Getting shape mismatch while loading saved Pixtral model
Hi, thank you for creating this transformers compatible version of Pixtral. I am saving the model to my local drive and then I want to load it again. However, I get size mismatch for the QKV matrices of "language_model" as shown below. I would appreciate some help. Thanks!
>>> from transformers import LlavaForConditionalGeneration
>>> model_id = "mistral-community/pixtral-12b"
>>> model = LlavaForConditionalGeneration.from_pretrained(model_id)
Loading checkpoint shards: 100%|ββββββββββββββββββββββββββββββββββββββββββββββββββββββββββββββββββββββββββββββββββββββββββββββββββββββββββββββββββββββββββββββββββββββββββββββββββββββββββββββββββββββββββββββββββββββββββββββββ| 6/6 [00:04<00:00, 1.27it/s]
>>> model.save_pretrained("pixtral-12b", from_pt = True)
>>> model2 = LlavaForConditionalGeneration.from_pretrained("pixtral-12b")
Loading checkpoint shards: 100%|ββββββββββββββββββββββββββββββββββββββββββββββββββββββββββββββββββββββββββββββββββββββββββββββββββββββββββββββββββββββββββββββββββββββββββββββββββββββββββββββββββββββββββββββββββββββββββββββ| 11/11 [00:02<00:00, 4.68it/s]

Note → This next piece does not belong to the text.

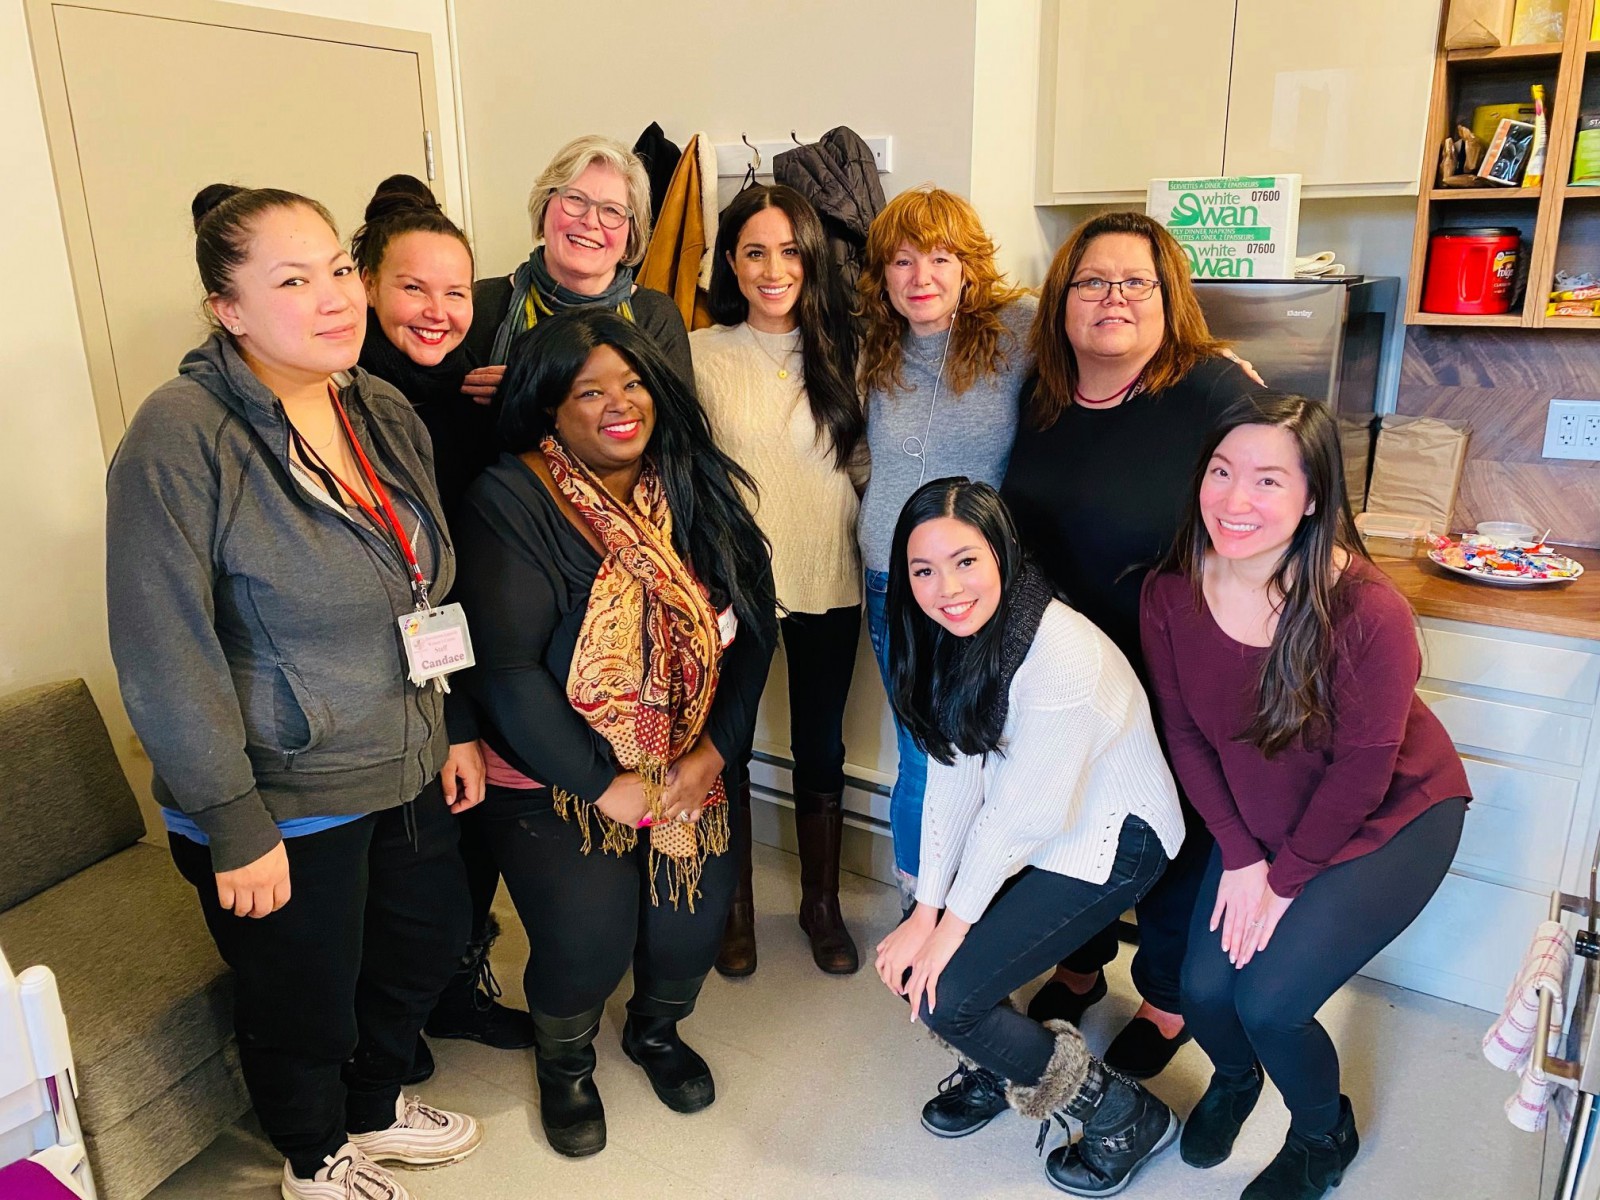 The Duchess of Sussex was spotted for the first time yesterday, visiting a women's crisis centre in Canada

Traceback (most recent call last):
File "<stdin>", line 1, in <module>
File "/data/sandbox/anaconda/envs/pixtral/lib/python3.10/site-packages/transformers/modeling_utils.py", line 4224, in from_pretrained
) = cls._load_pretrained_model(
File "/data/sandbox/anaconda/envs/pixtral/lib/python3.10/site-packages/transformers/modeling_utils.py", line 4852, in _load_pretrained_model
raise RuntimeError(f"Error(s) in loading state_dict for {model.__class__.__name__}:\n\t{error_msg}")

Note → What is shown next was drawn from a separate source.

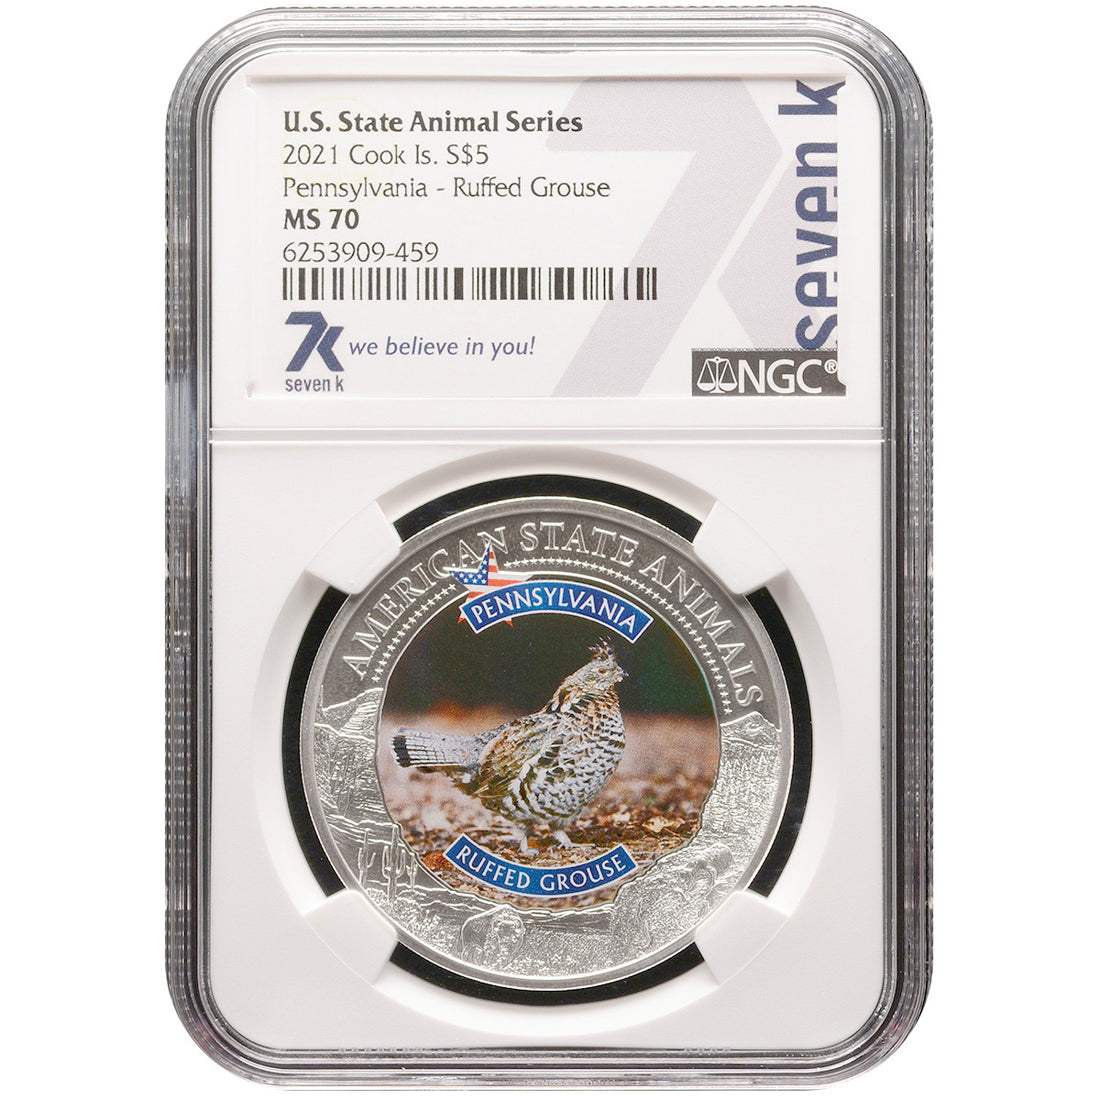 2021 Cook Islands PENNSYLVANIA RUFFED GROUSE Graded MS70 American State Animals 1 Oz Silver Coin - Oz Bullion

RuntimeError: Error(s) in loading state_dict for LlavaForConditionalGeneration:
size mismatch for language_model.model.layers.0.self_attn.q_proj.weight: copying a param with shape torch.Size([4096, 5120]) from checkpoint, the shape in current model is torch.Size([5120, 5120]).
size mismatch for language_model.model.layers.0.self_attn.k_proj.weight: copying a param with shape torch.Size([1024, 5120]) from checkpoint, the shape in current model is torch.Size([1280, 5120]).
size mismatch for language_model.model.layers.0.self_attn.v_proj.weight: copying a param with shape torch.Size([1024, 5120]) from checkpoint, the shape in current model is torch.Size([1280, 5120]).
size mismatch for language_model.model.layers.0.self_attn.o_proj.weight: copying a param with shape torch.Size([5120, 4096]) from checkpoint, the shape in current model is torch.Size([5120, 5120]).
size mismatch for language_model.model.layers.1.self_attn.q_proj.weight: copying a param with shape torch.Size([4096, 5120]) from checkpoint, the shape in current model is torch.Size([5120, 5120]).
......
Just updating that replacing the config.json works. Basically when I do save_pretrained
the config.json
that is saved is different from what is in this repo. Replacing it with the config.json
in this repo works. I am wondering why save_pretrained
doesnt download the correct config? Thanks.
Hey, thanks for reporting. This is related to the default values we have in Mistral config within transformers. Saving a config is not storing head_dim
and thus causing errors when loading it back. I will make an easy fix by updating the config for now
UPDATE: sorry, realized this cannot be fixed by just updating config and needs fix on transformers level. Will submit a PR soon
@RaushanTurganbay I've also been tracking this issue. The issue is because while the config specifies text_config.model_type to be Mistral, the default config loads with model_type Llama
config = LlavaConfig.from_pretrained("path")
type(config.text_config)
# <class 'transformers.models.mistral.configuration_mistral.MistralConfig'>
default_config = LlavaConfig()
type(default_config.text_config)
# <class 'transformers.models.llama.configuration_llama.LlamaConfig'>
This mismatch between the default config and the loaded config type causes issues when attempting to save_pretrained
->to_json_string
with use_diff=True
.
It just so happens that the default head_dim for LlamaConfig().head_dim
is 128
, which is the true value meant to be saved. When the diff between the default config and the saving config is being calculated, the saving config value 128
is compared to the default config value 128
, they're equal, and therefore the value is not written to the config.
I believe the best fix is to set is_composition=True
, which matches how other composed configs are created
https://github.com/huggingface/transformers/pull/36077